EverNote OCR 功能?
我下载了 EverNote API Xcode 项目,但我对 OCR 功能有疑问。借助他们的 OCR 服务,我可以拍照并在 UILabel 中显示提取的文本吗?或者它不能那样工作吗? 或者提取出来的文字不是给我看的,只是为了照片的搜索功能?
有没有人有过这方面的经验或任何想法?
谢谢!
I downloaded the EverNote API Xcode Project but I have a question regarding the OCR feature. With their OCR service, can I take a picture and show the extracted text in a UILabel or does it not work like that?
Or is the text that is extracted not shown to me but only is for the search function of photos?
Has anyone ever had any experience with this or any ideas?
Thanks!
如果你对这篇内容有疑问,欢迎到本站社区发帖提问 参与讨论,获取更多帮助,或者扫码二维码加入 Web 技术交流群。
绑定邮箱获取回复消息
由于您还没有绑定你的真实邮箱,如果其他用户或者作者回复了您的评论,将不能在第一时间通知您!
发布评论
评论(2)
事实并非如此。 Evernote 并没有真正实现纯粹意义上的“OCR”,将文档图像转换为连贯的文本段落。
Evernote 的识别 XML(您可以通过@DaveDeLong 上面展示的技术检索)作为搜索索引最有用;该服务将为您提供矩形集和可能的单词/文本片段集,并附有概率分数。这为匹配搜索词奠定了良好的基础,但对于构建表示文档的单个字符串来说却很糟糕。

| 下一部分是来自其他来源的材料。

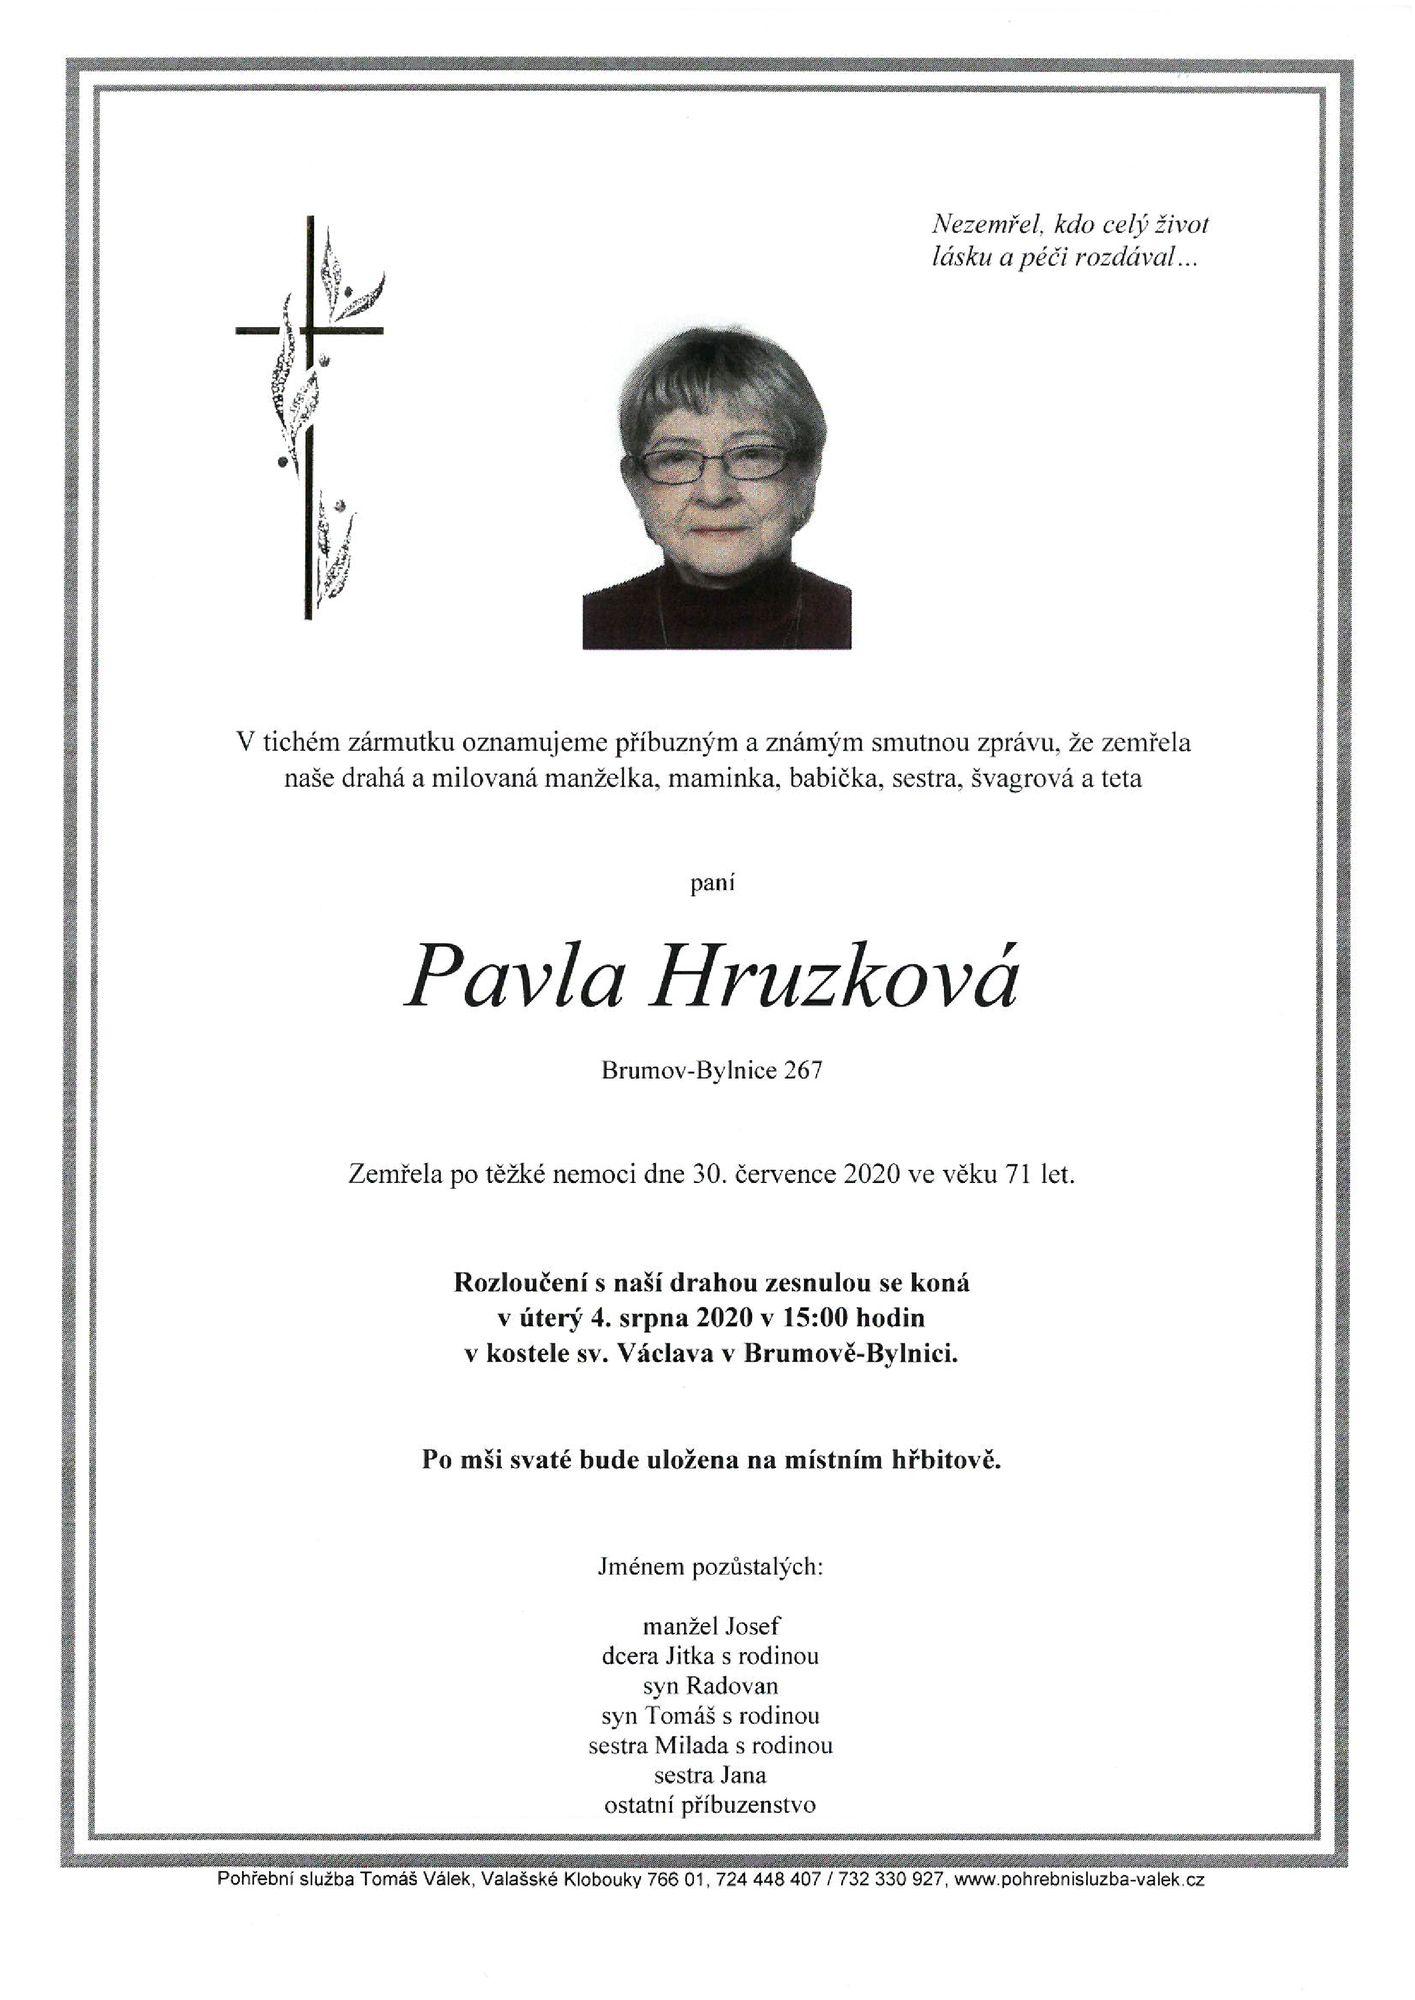 Pavla Hruzková

(我知道这个答案迟了四年,但戴夫的精彩描述并没有真正解决这个哲学区别,如果你尝试实际做你在问题中建议的事情,你会遇到这种区别。)
It doesn't really work like that. Evernote doesn't really do "OCR" in the pure sense of turning document images into coherent paragraphs of text.
Evernote's recognition XML (which you can retrieve after via the technique that @DaveDeLong shows above) is most useful as an index to search against; the service will provide you sets of rectangles and sets of possible words/text fragments with probability scores attached. This makes a great basis for matching search terms, but a terrible one for constructing a single string that represents the document.
(I know this answer is like 4 years late, but Dave's excellent description doesn't really address this philosophical distinction that you'll run up against if you try to actually do what you were suggesting in the question.)
是的,但看起来这需要一些工作。
当您获得与图像相对应的
EDAMResource
时,它有一个名为recognition
的属性,该属性返回一个EDAMData
对象,该对象包含定义图像的 XML识别信息。例如,我将此图像附加到注释中:我检查了
识别
附加到相应EDAMResource
对象的信息,并发现:我找到的 xml在 Pastie.org 上,因为它太大,无法容纳答案
如您所见,这里有很多信息。 XML 在API 文档中定义,因此您可以在此处解析 XML 并自行提取相关信息。幸运的是,XML 的结构非常简单(您可以在几分钟内编写一个解析器)。困难的部分是弄清楚你想要使用哪些部分。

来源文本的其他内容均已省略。